Coldbase

A lightweight, serverless-first write-ahead log (WAL) database for cloud storage. Supports AWS S3, Azure Blob Storage, and local filesystem. Designed for stateless environments where each operation reads directly from storage.

Features

• Serverless-First: Stateless operations, no in-memory state between invocations
• Auto-Maintenance: Probabilistic compaction and vacuum triggers for serverless
• Multi-Collection Support: Single Db instance manages multiple collections
• Query API: find() with filtering, pagination, and function predicates
• TTL Support: Auto-expire records based on a timestamp field
• Batch Operations: getMany() for efficient multi-key lookups, batch() for coalescing writes
• Parallel Processing: Configurable parallelism for mutation processing
• Retry Logic: Exponential backoff with jitter for transient failures
• Hooks & Metrics: Monitor writes, compactions, and errors
• Size Limits: Configurable mutation size limits
• Multiple Storage Backends: S3, Azure Blob, or local filesystem
• Performance Optimizations: Bloom filter, in-memory index, lease-based locking

Installation

npm install coldbase

For cloud storage, install the appropriate SDK:

npm install @aws-sdk/client-s3        # For S3
npm install @azure/storage-blob       # For Azure

Quick Start

import { Db, FileSystemDriver } from 'coldbase'

const db = new Db(new FileSystemDriver('./data'))

interface User {
  id: string
  name: string
  email: string
  role: string
}

const users = db.collection<User>('users')

// Write
await users.put('u1', { name: 'Alice', email: '[email protected]', role: 'admin' })

// Read single
const user = await users.get('u1')

// Query
const admins = await users.find({ where: { role: 'admin' } })

// Delete
await users.put('u1', null)

Logging

Coldbase uses LogTape for logging. You can configure it to see internal operations:

import { configure, getConsoleSink } from '@logtape/logtape'

await configure({
  sinks: { console: getConsoleSink() },
  filters: {},
  loggers: [
    { category: 'coldbase', level: 'debug', sinks: ['console'] }
  ]
})

Serverless Usage

Coldbase is designed for serverless environments where functions may cold start frequently. It offers probabilistic auto-maintenance that distributes load across invocations:

import { Db, S3Driver, SERVERLESS_AUTO_COMPACT, SERVERLESS_AUTO_VACUUM } from 'coldbase'

// Option 1: Use recommended serverless presets
const db = new Db(new S3Driver('my-bucket', 'us-east-1'), {
  autoCompact: SERVERLESS_AUTO_COMPACT,  // 10% chance, min 5 mutations
  autoVacuum: SERVERLESS_AUTO_VACUUM     // 1% chance + 10% after compaction
})

// Option 2: Custom configuration
const db2 = new Db(new S3Driver('my-bucket', 'us-east-1'), {
  autoCompact: {
    probability: 0.05,      // 5% chance per write
    mutationThreshold: 10   // Only if >= 10 pending mutations
  },
  autoVacuum: {
    probability: 0.01,             // 1% chance per write
    afterCompactProbability: 0.2   // 20% chance after compaction
  }
})

// Lambda/Cloud Function handler
export async function handler(event) {
  const users = db.collection<User>('users')

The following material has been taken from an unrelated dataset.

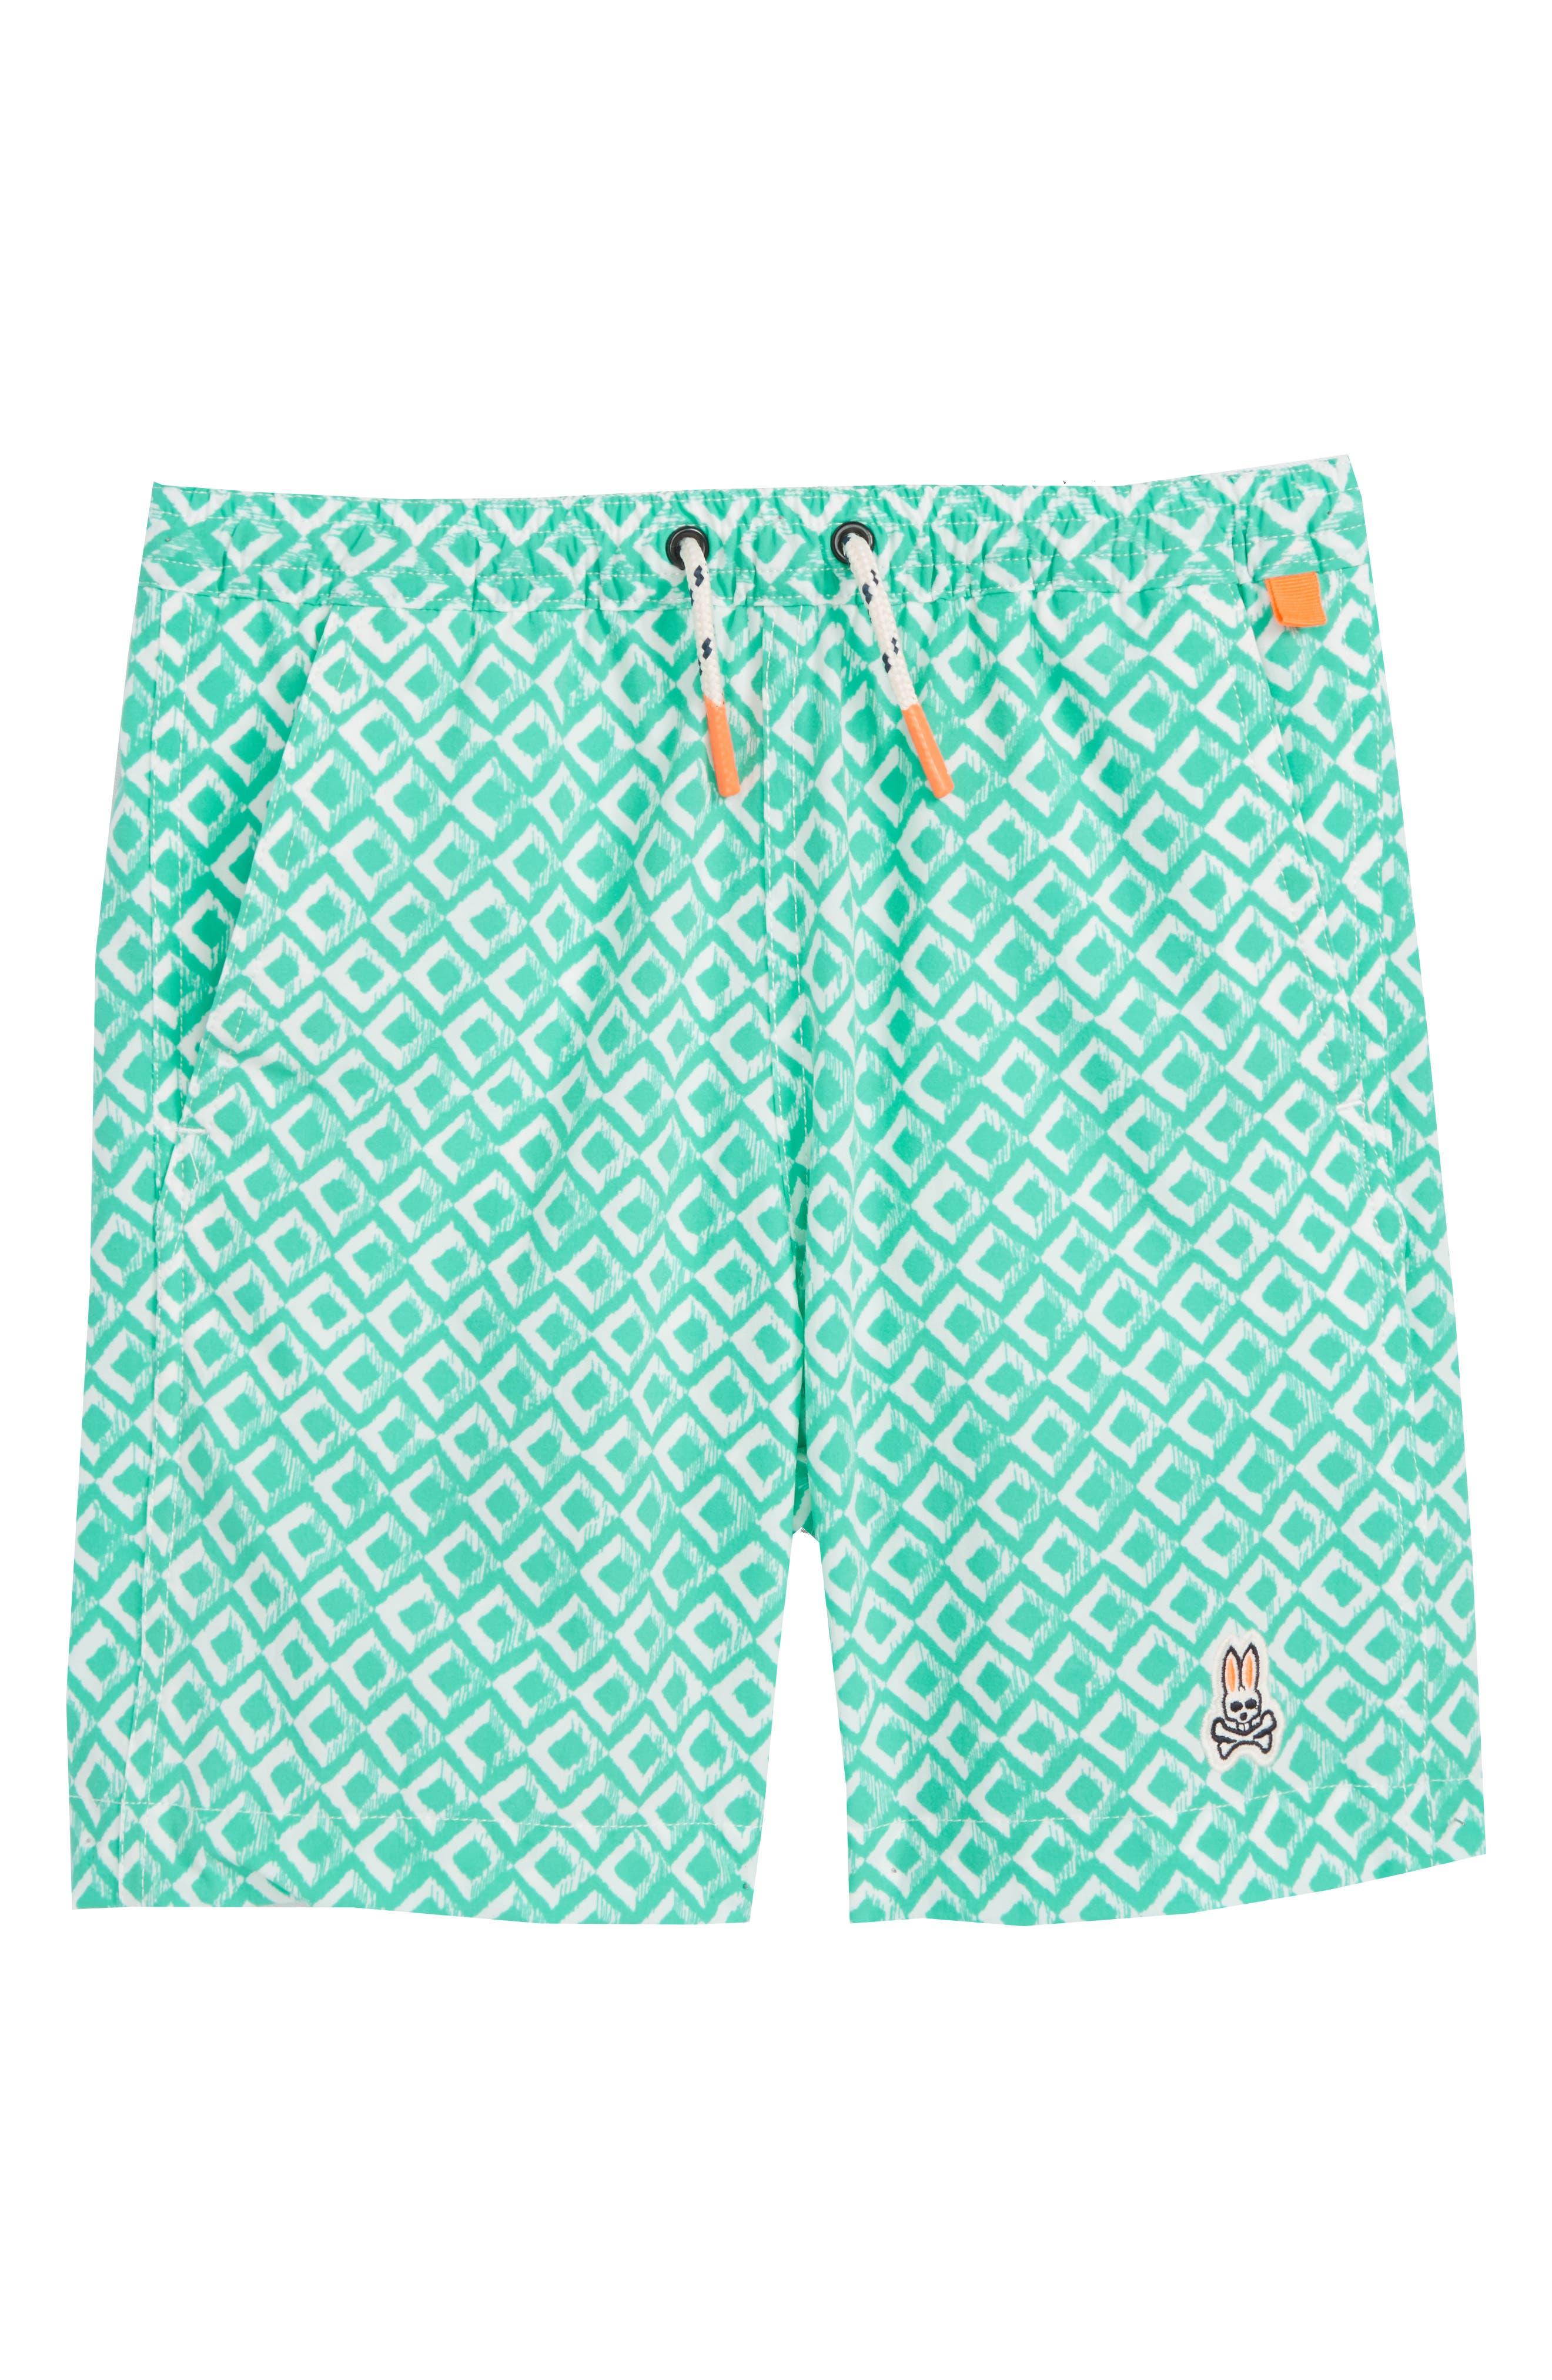 Drippy Diamond Swim Trunks,                         Main,                         color, Wave
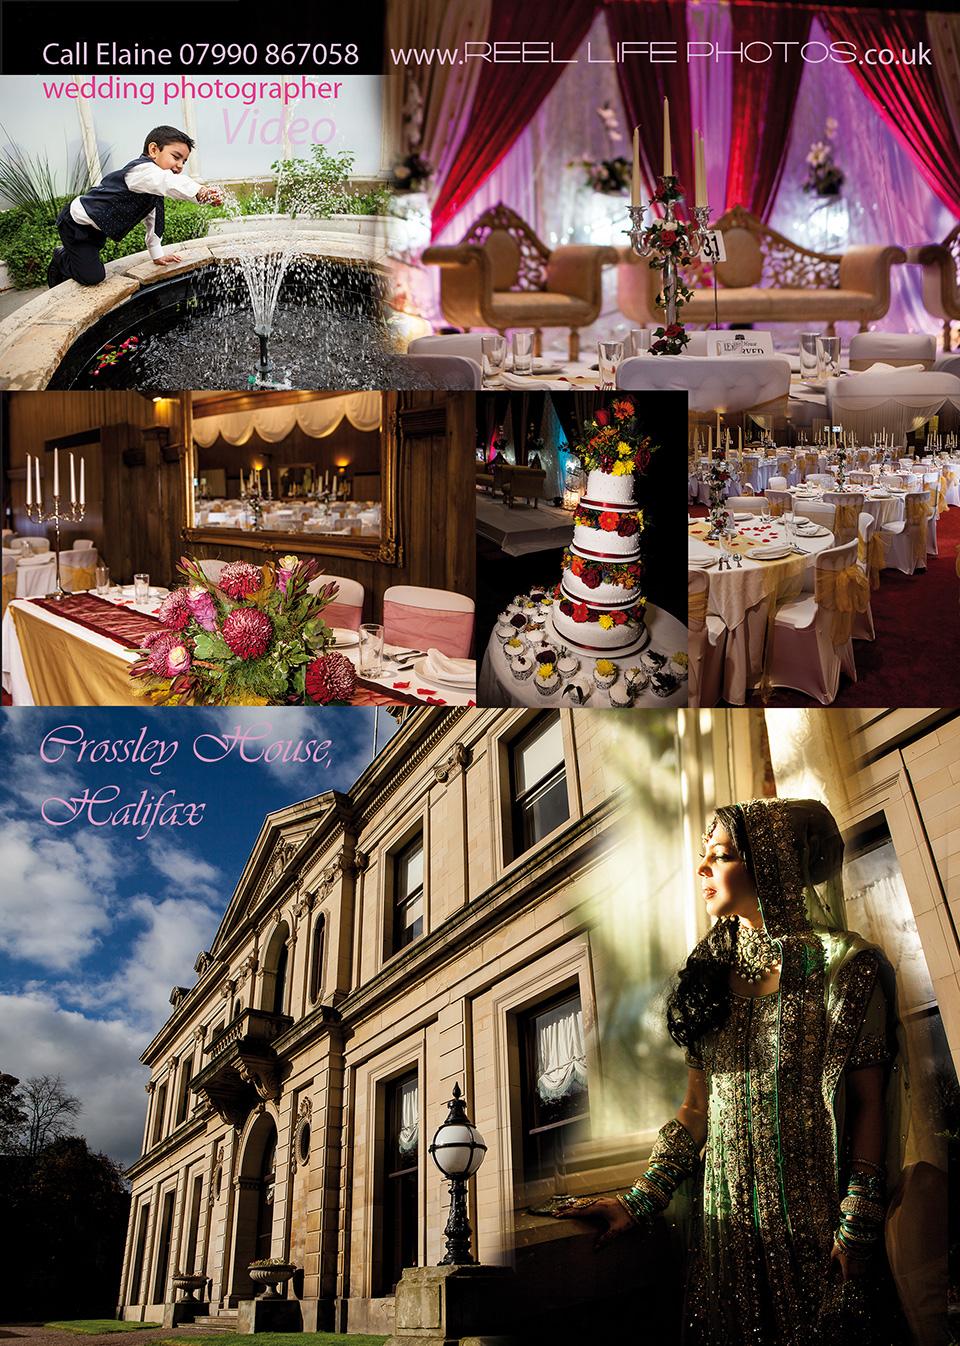 ReelLifePhotos Wedding Photography Blog Archive Crossley House Belle Vue Park Wedding Venue

  // Each read scans storage - no stale cache issues
  const user = await users.get(event.userId)

  // Writes may trigger maintenance probabilistically (non-blocking)
  await users.put(event.userId, { ...user, lastSeen: Date.now() })

  return { user }
}

For high-traffic apps, you can also use a separate scheduled function:

// Scheduled function for guaranteed maintenance (e.g., every 5 minutes)
export async function maintenanceHandler() {
  const db = new Db(new S3Driver('my-bucket', 'us-east-1'))

  await db.compact('users')
  await db.vacuum('users')
}

API Reference

Db

const db = new Db(driver, options?)

Options:

interface DbOptions {
  // Auto-maintenance (serverless-friendly)
  autoCompact?: boolean | AutoMaintenanceOptions  // (default: false)
  autoVacuum?: boolean | AutoVacuumOptions        // (default: false)

  // Lock configuration
  leaseDurationMs?: number     // Lock lease duration (default: 30000)

  // Processing
  copyBufferSize?: number      // Buffer size for file operations (default: 65536)
  parallelism?: number         // Parallel mutation processing (default: 5)
  deleteChunkSize?: number     // Batch size for deletes (default: 100)
  maxMutationSize?: number     // Max mutation payload bytes (default: 10MB)
  vacuumCacheSize?: number     // LRU cache size for vacuum (default: 100000)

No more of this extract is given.